On a bytecode representation #9

Open
opened 2022-04-02 21:19:43 +00:00 by mars · 1 comment
Owner

My original intention with Sprite was to make the human-readable, C-like code that the current examples are written in the ONLY way of writing Sprite. However, the more I think about this, the less it makes sense. Here are some reasons I wanted to do this:

  1. it encourages users of the runtime to peer into the code that the runtime is executing and learn more about what the script authors were intending with their code
  2. having a single, standard way of authoring Sprite reduces the complexity of writing it, and provides a common language for all Sprite code

Let's look at some obvious consequences of the runtime having to execute only the "human-readable" representation:

  1. Larger script sizes. Scripts will contain a large amount of whitespace and comments.

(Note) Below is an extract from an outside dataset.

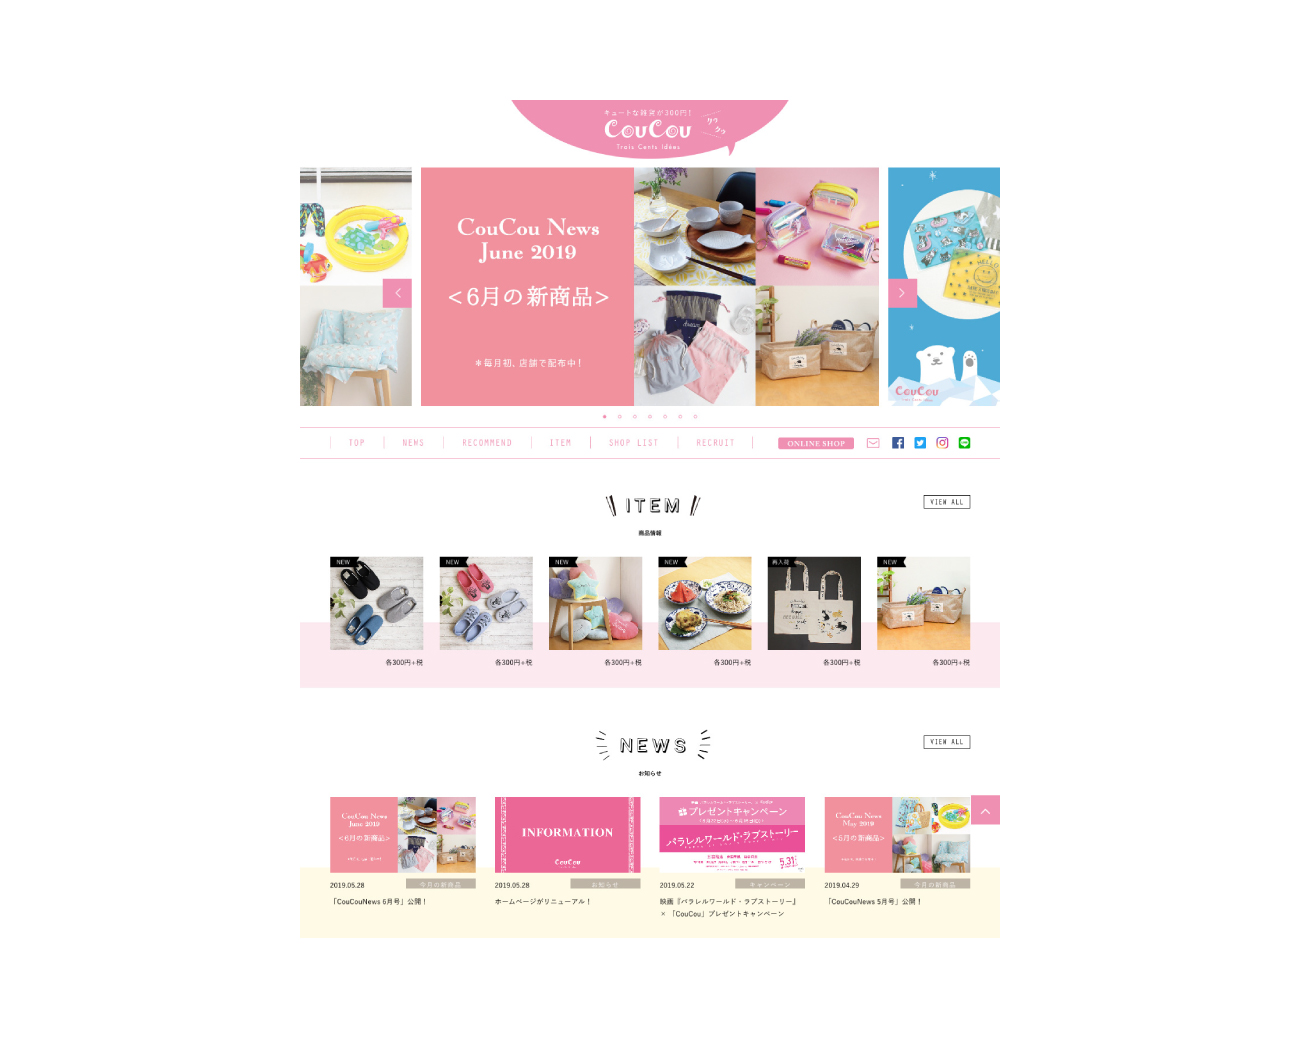 300円ショップ Coucou Webサイト 女性デザイナーによる女性向けデザイン ホームページ制作 カタログデザインのマキア

This is a pretty trivial point of resource consumption considering that it IS only a text format, and the parsing code is really fucking fast. However, script size also costs internet bandwidth, and bandwidth is an important resource in extremely low internet-availability scenarios, such as mobile networks.
  2. Semantic analysis. Type deduction takes a relatively long time to compute. If the same script is ran on ten thousand different computers, and each one needs to solve for the exact same variable types on its own, then that's ten thousand wasted computations, each one costing CPU time and electricity. Sprite is not a cryptocurrency. A bytecode format would explicitly type every value, moving the computational load of determining specific types for variables off of the runtime backend, and onto the code author.

JavaScript, like Sprite, was also intended to be human-readable, and it was intended to be a common language for both website developers and website users to understand what the code is doing. However, JavaScript is in its mid-20s now and has demonstrated some major pitfalls in these design goals:

  1. JavaScript code is heavily obfuscated. JavaScript is dynamically-typed and is much "looser" syntactically (to be polite) than any other scripting language, enabling it to be heavily obfuscated. Most non-hand-authored JavaScript code on the internet now is, in effect, bloated bytecode. Sprite, despite being a statically-typed language, is of course vulnerable to the same kind of obfuscation, and past a certain point, obfuscated Sprite code will become equally unreadable. Anyone wishing to make their Sprite code unreadable could easily accomplish it.
  2. JavaScript is now commonly used as a compilation target by TypeScript and not hand-authored, and that TypeScript code is not immediately available to the user. This is largely a failure of JavaScript's loose typing to adequately support larger web applications, development teams, and greater system complexity. This is less of a concern for Sprite because it allows for very little ambiguity by design.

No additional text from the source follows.